Exercise prompt: Reproduce exactly the line with "Cutwork, Elevator vs Laptop, 4C.jpg" and every line that follows it below, up to and including the last one. Do not include pictures or anything else.

::: Data segment

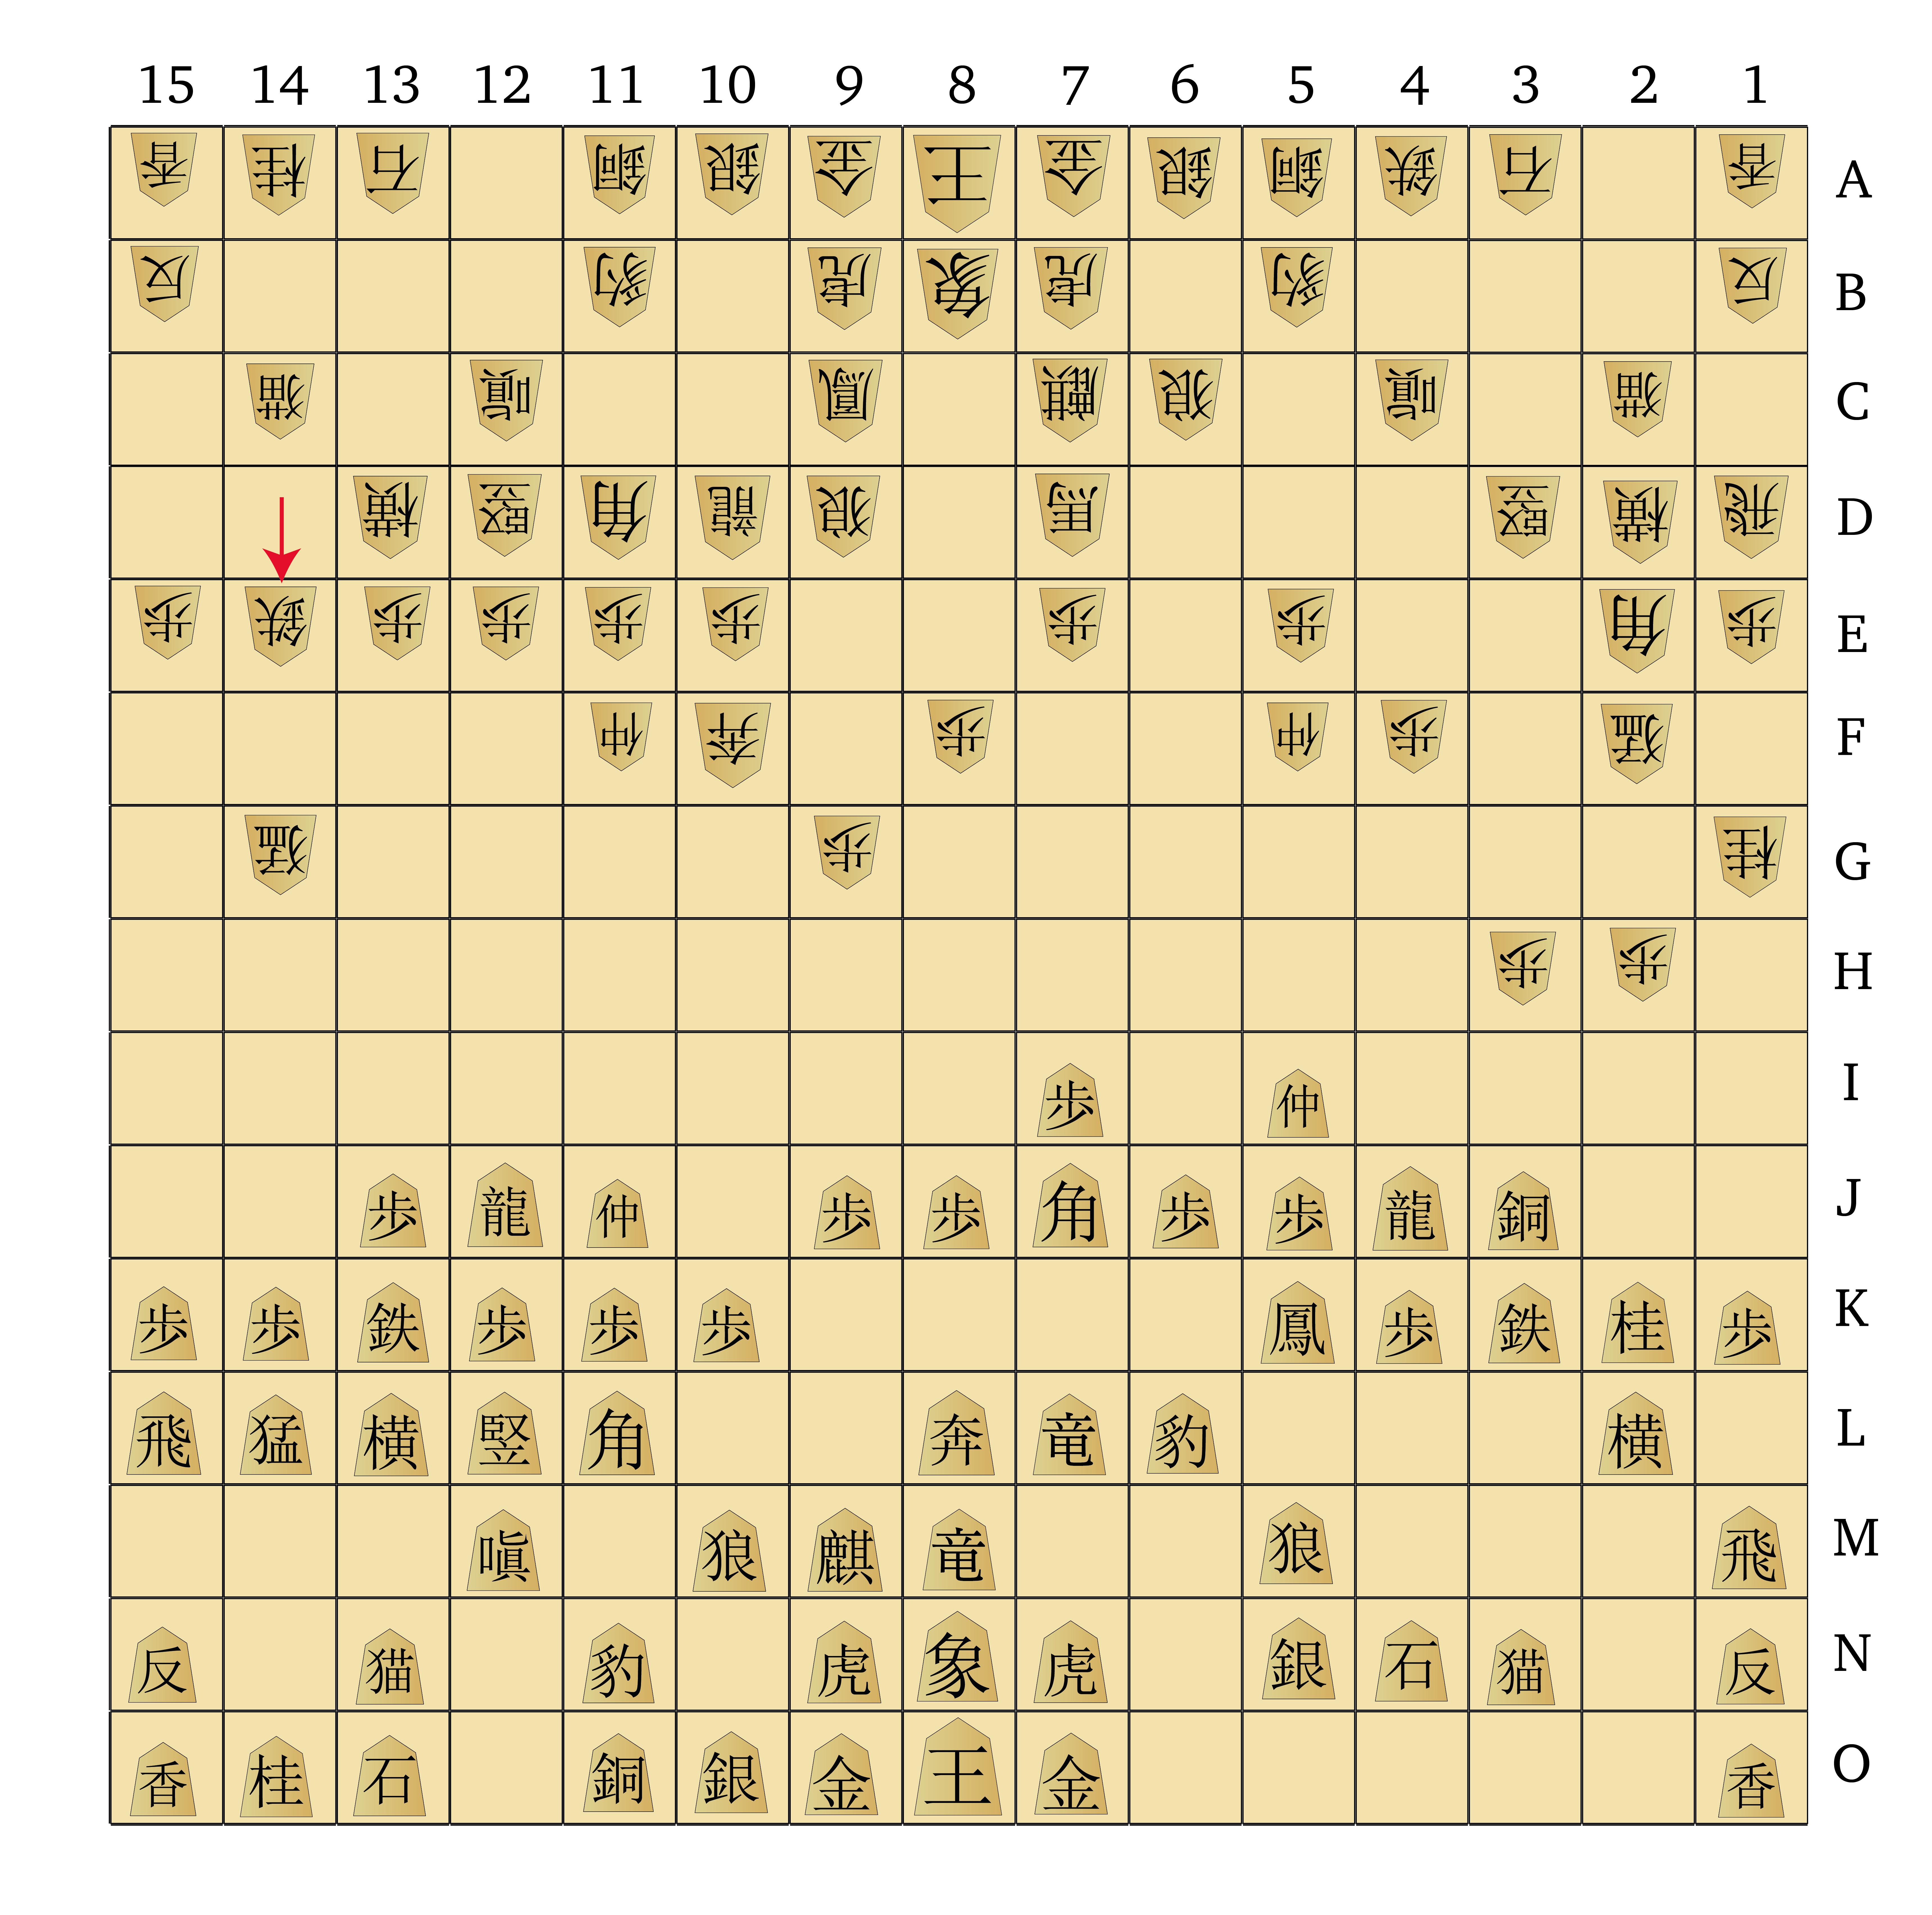 Dai Shogi 420 -- Move 120-01
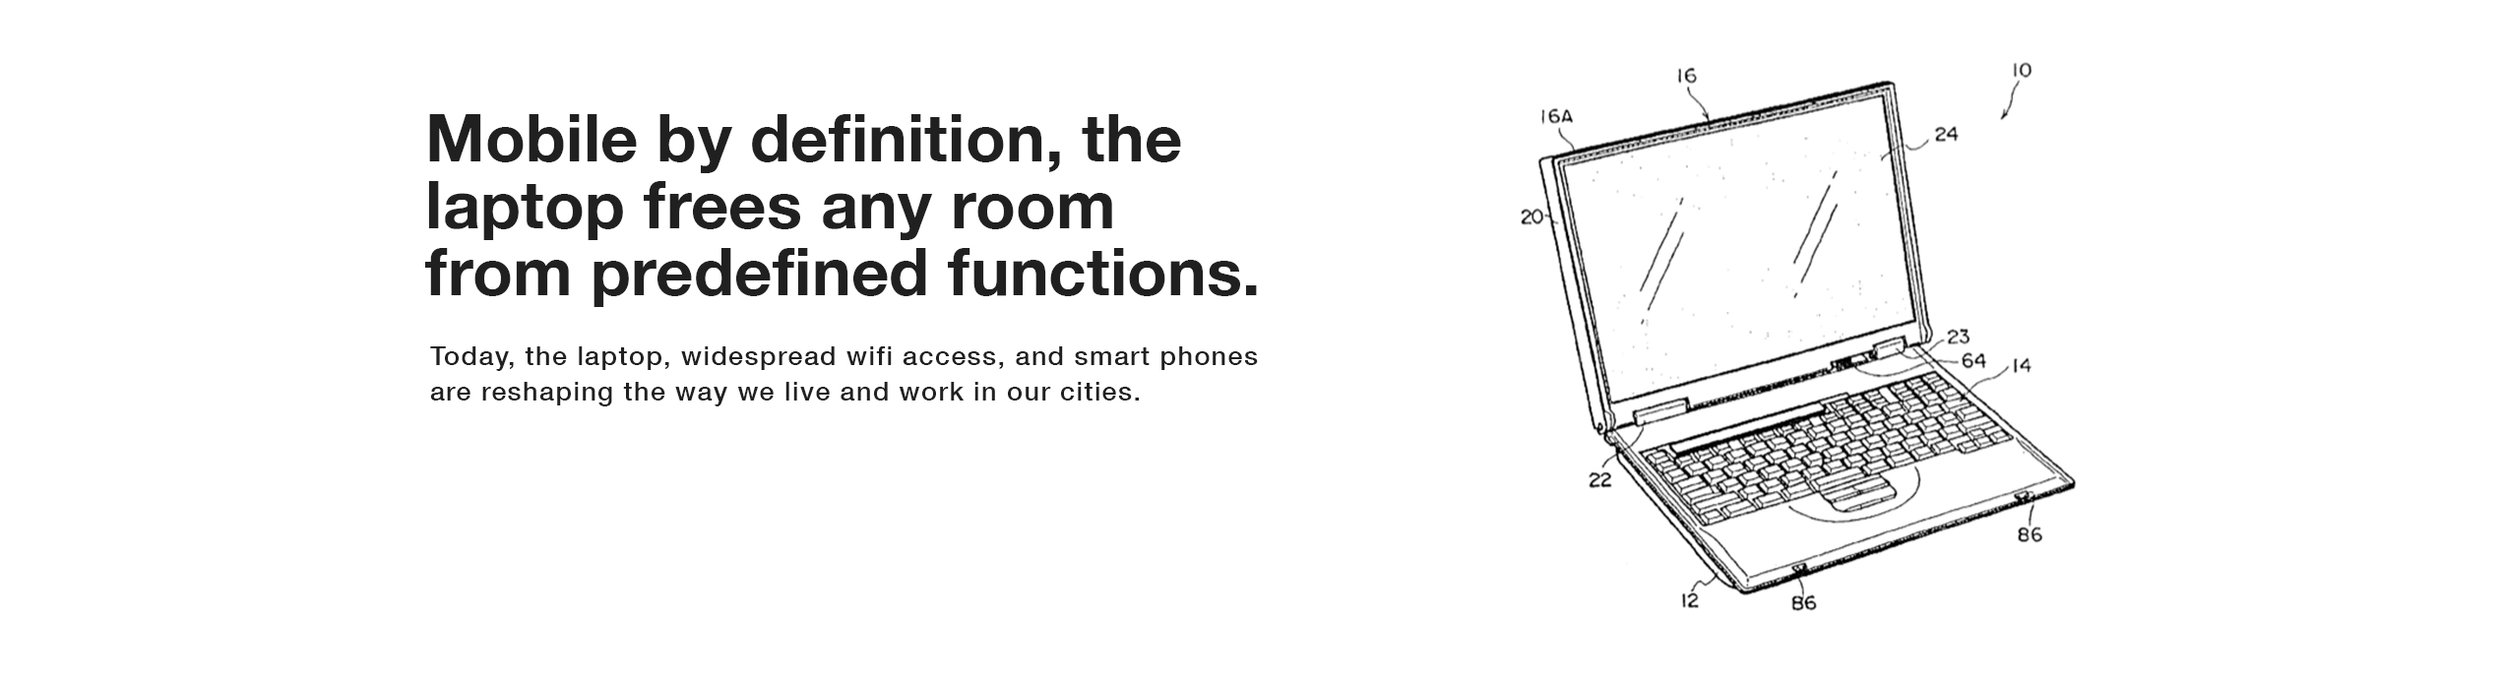 Cutwork, Elevator vs Laptop, 4C.jpg
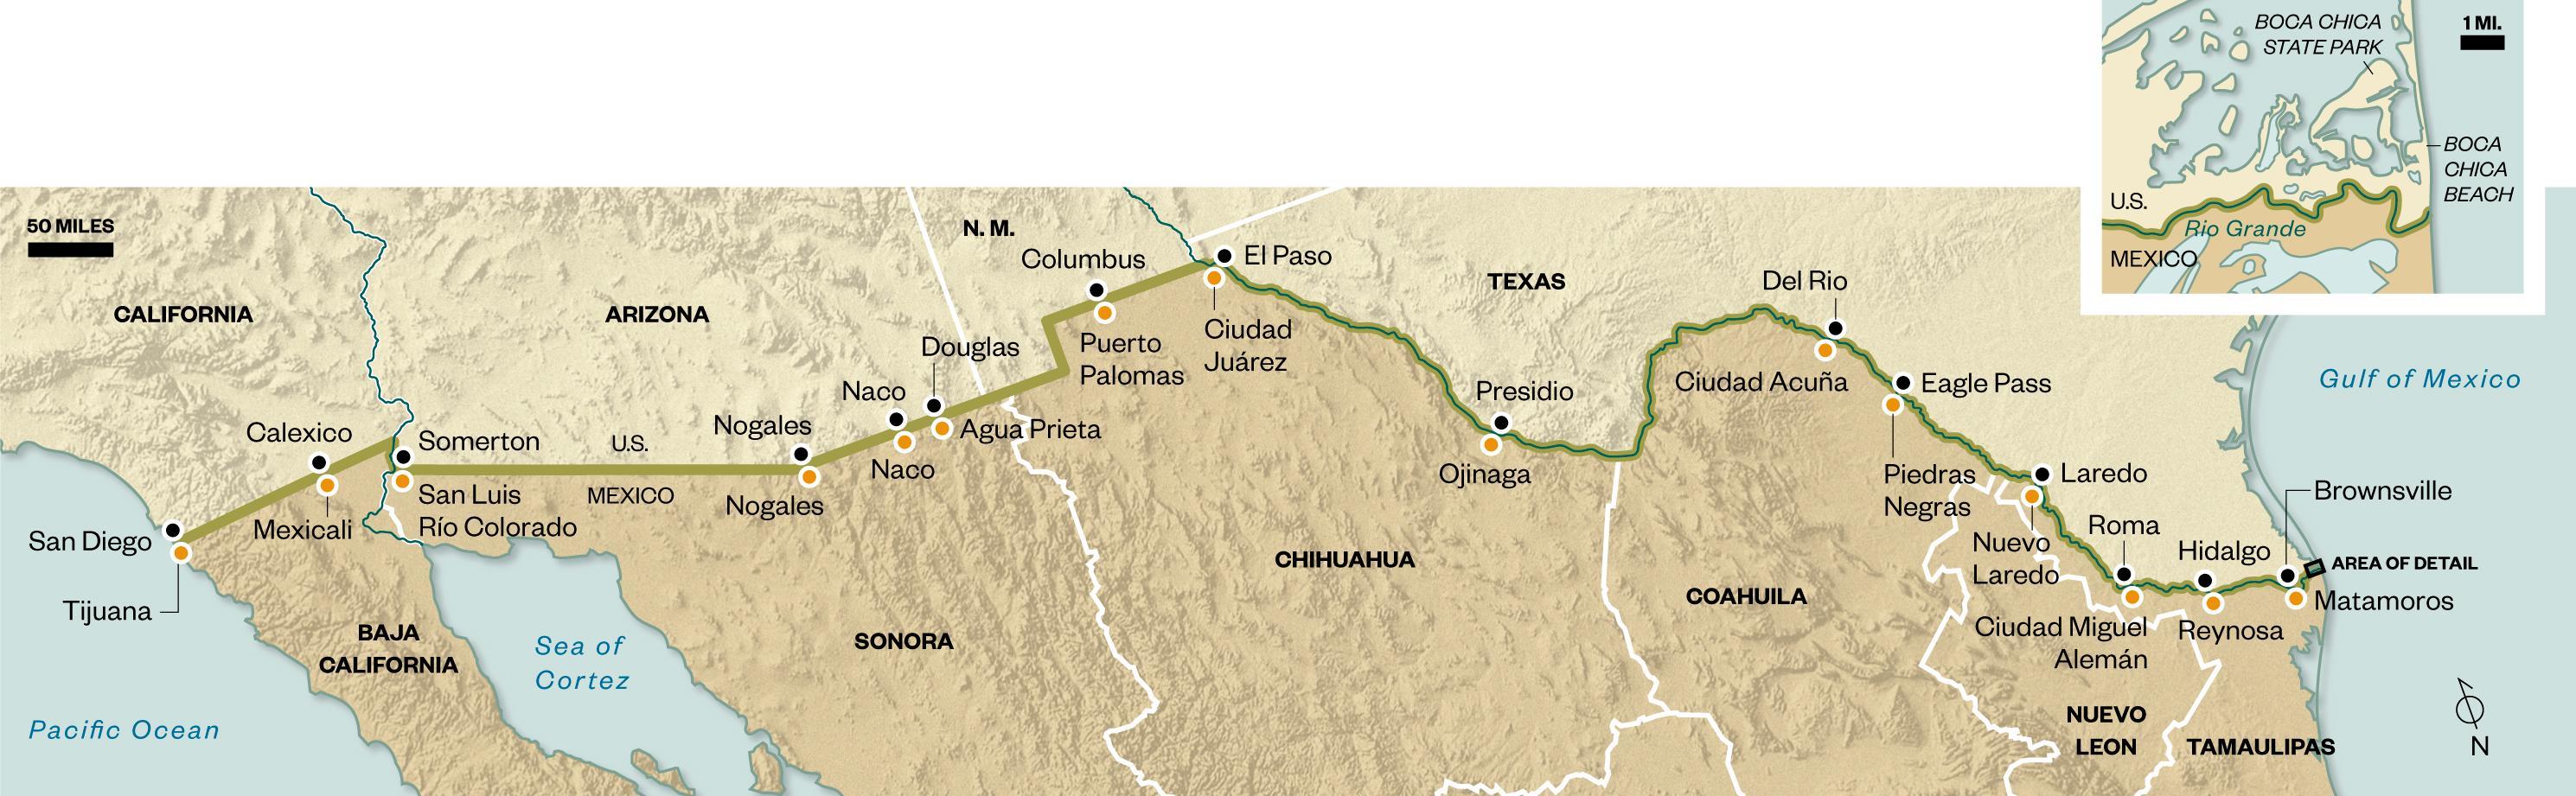 U.S.-Mexico border map

::::::

Answer to the exercise:
 Cutwork, Elevator vs Laptop, 4C.jpg
 U.S.-Mexico border map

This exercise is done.